» Your objective
Your answer should be the lines from the one with "2 x Blackmagic" to the end of the data below, both included, exact and free of pictures.

» Information shown
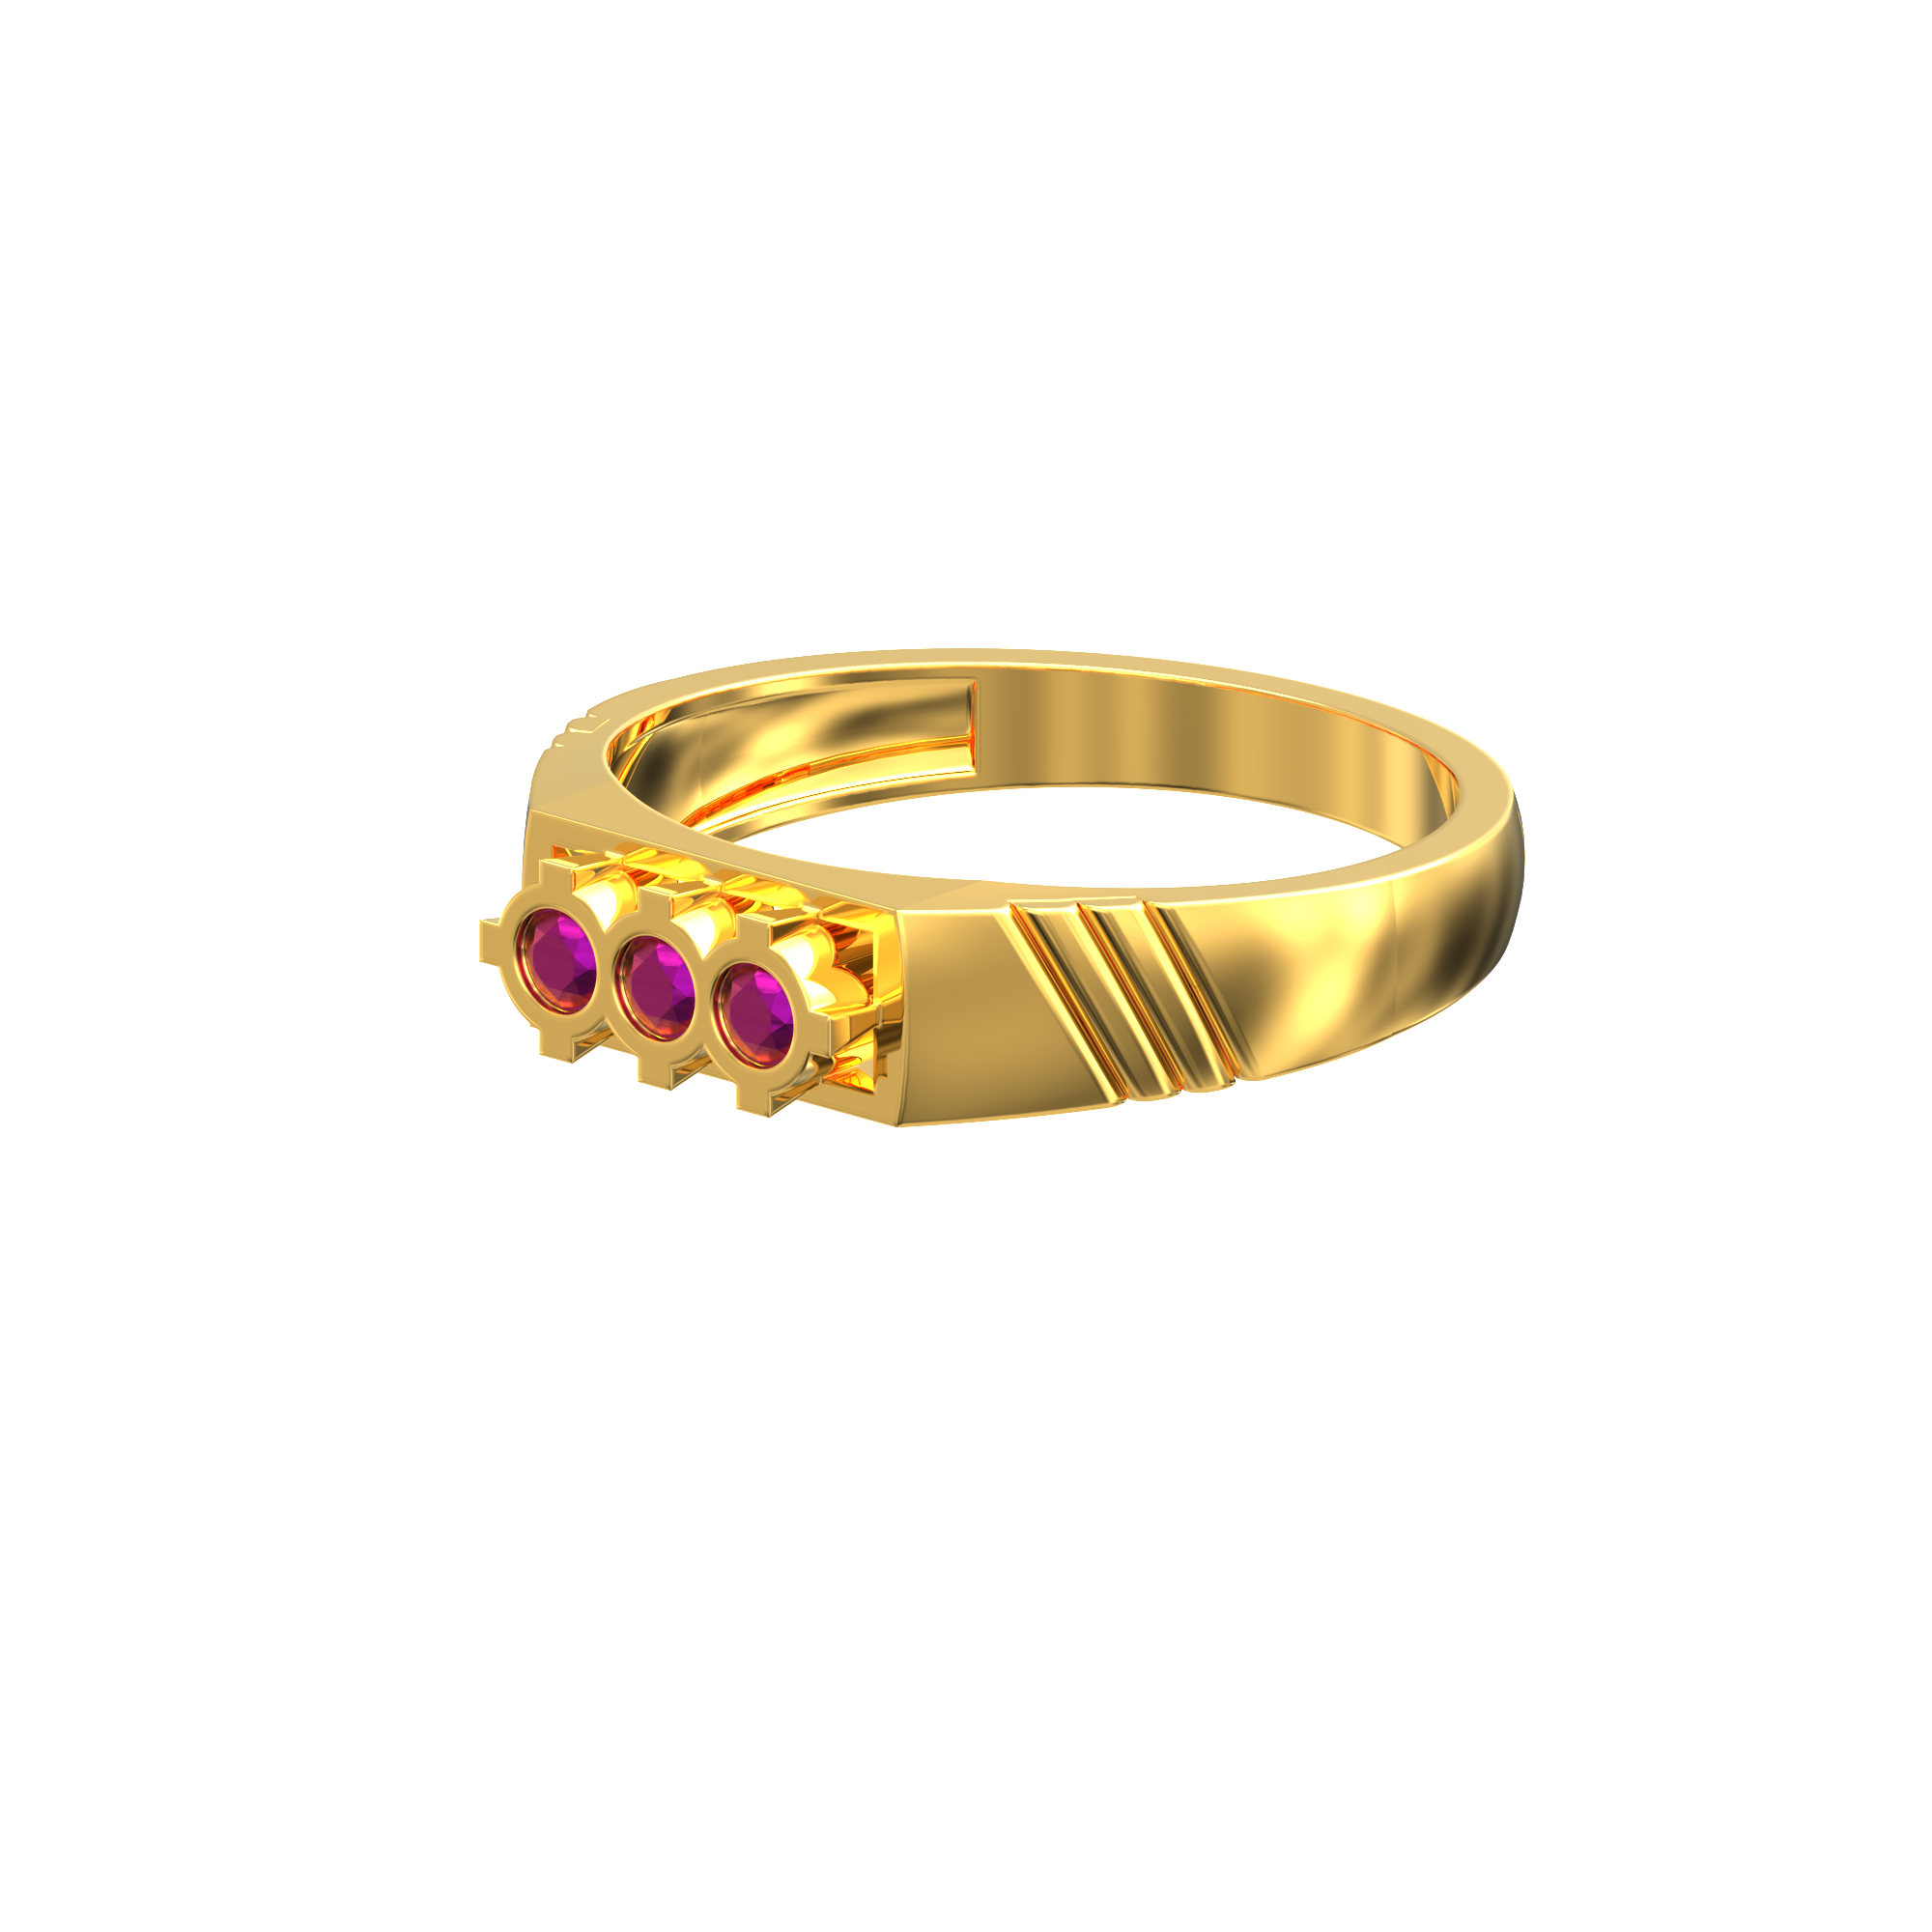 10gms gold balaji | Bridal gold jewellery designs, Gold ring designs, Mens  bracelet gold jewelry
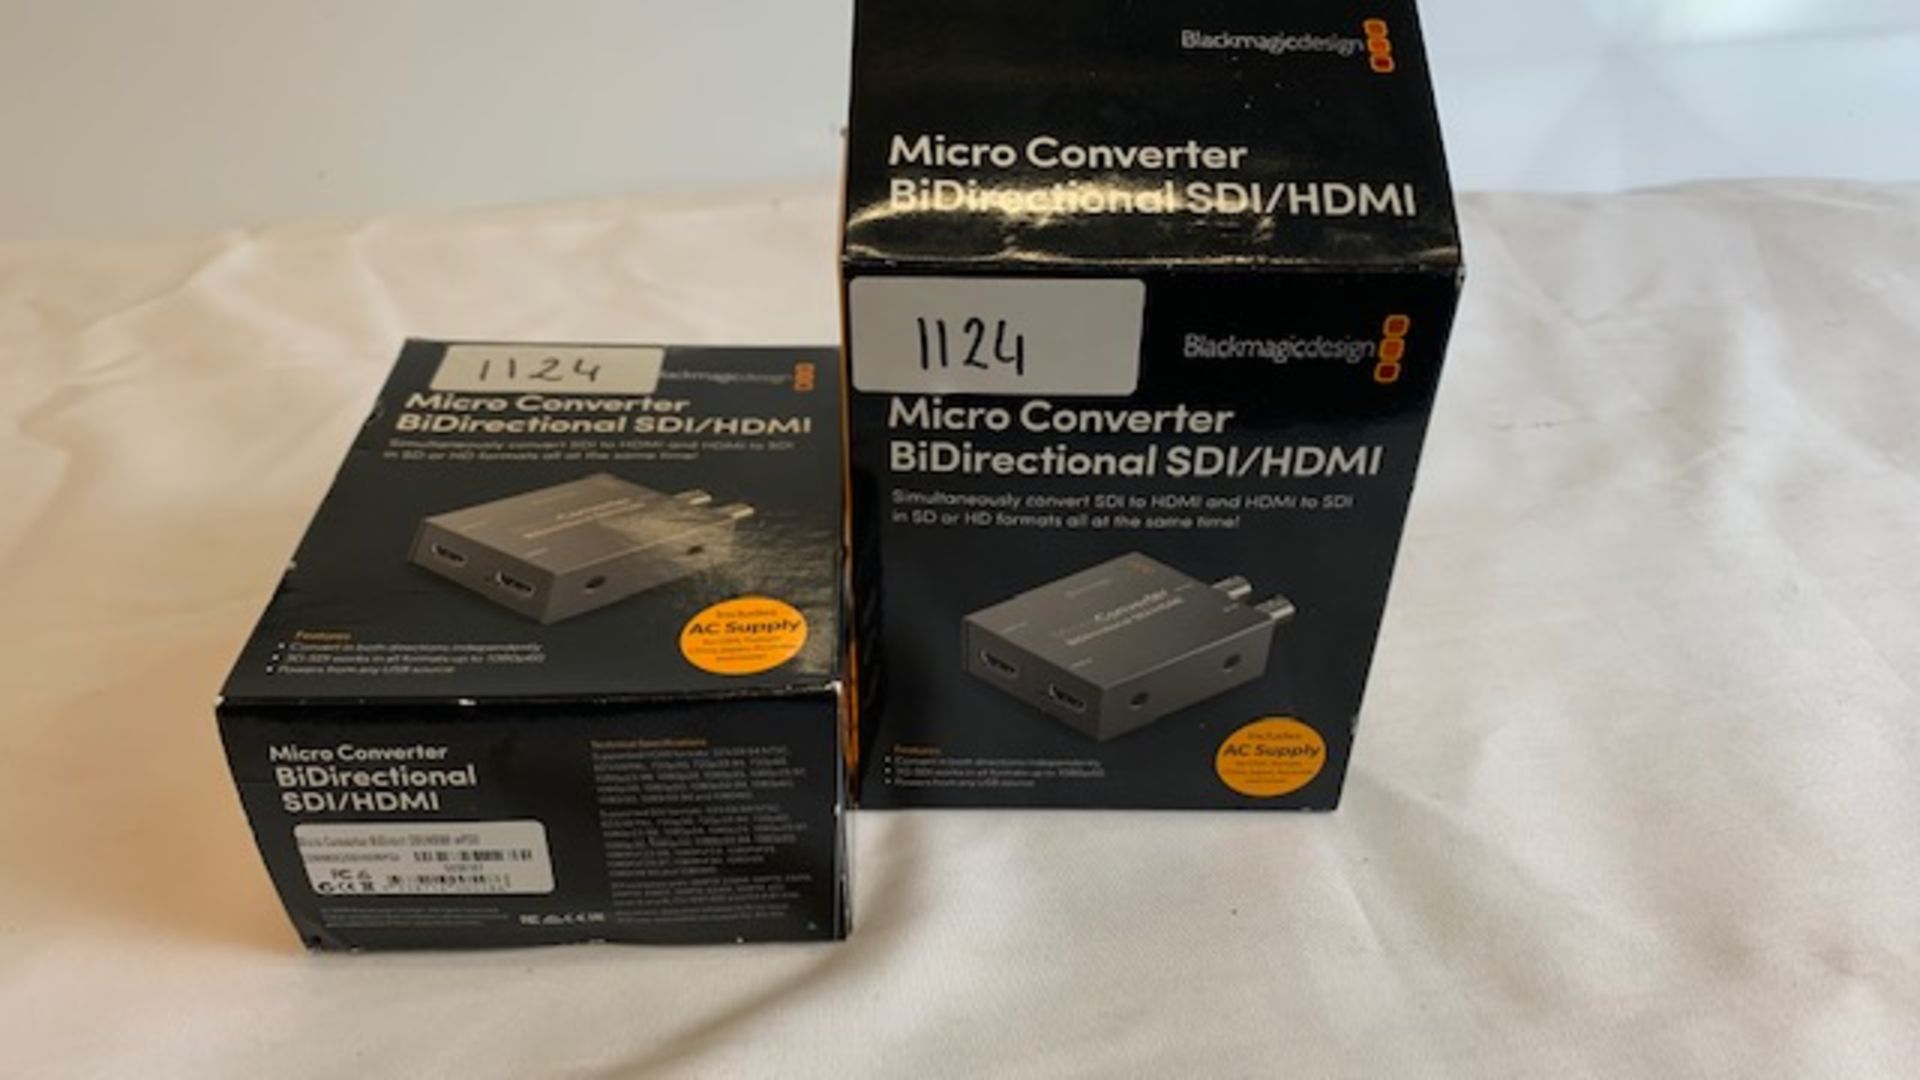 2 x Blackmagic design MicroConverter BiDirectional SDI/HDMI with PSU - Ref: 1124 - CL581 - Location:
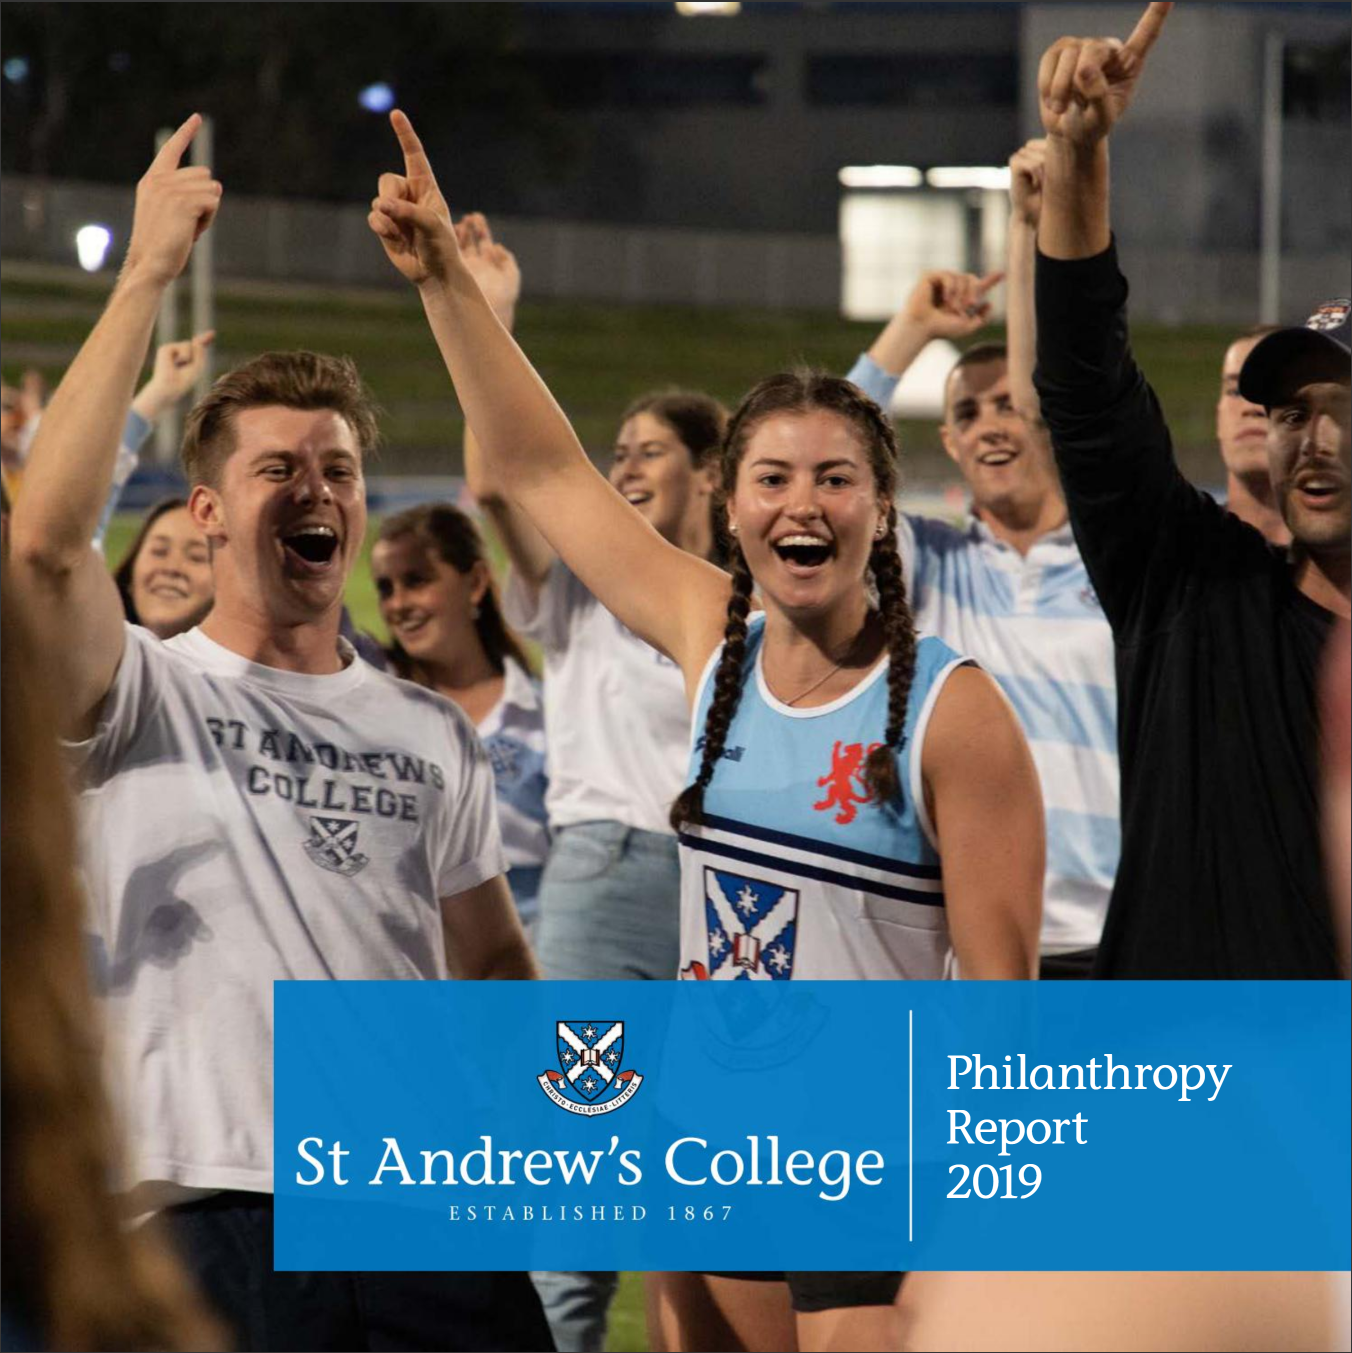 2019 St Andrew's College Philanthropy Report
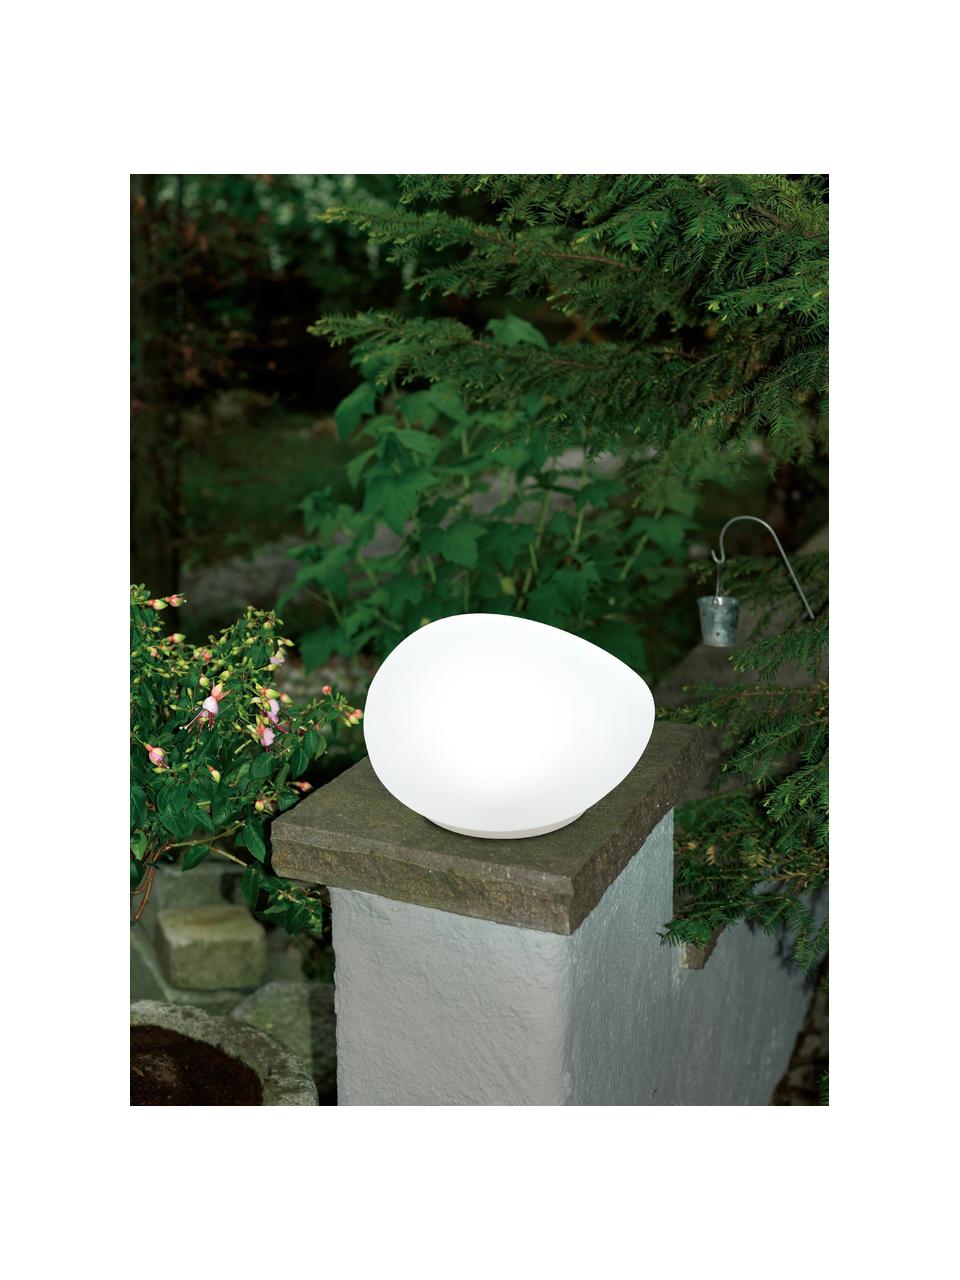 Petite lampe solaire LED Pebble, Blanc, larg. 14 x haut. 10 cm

» Result of this task
 2 x Blackmagic design MicroConverter BiDirectional SDI/HDMI with PSU - Ref: 1124 - CL581 - Location:
 2019 St Andrew's College Philanthropy Report
 Petite lampe solaire LED Pebble, Blanc, larg. 14 x haut. 10 cm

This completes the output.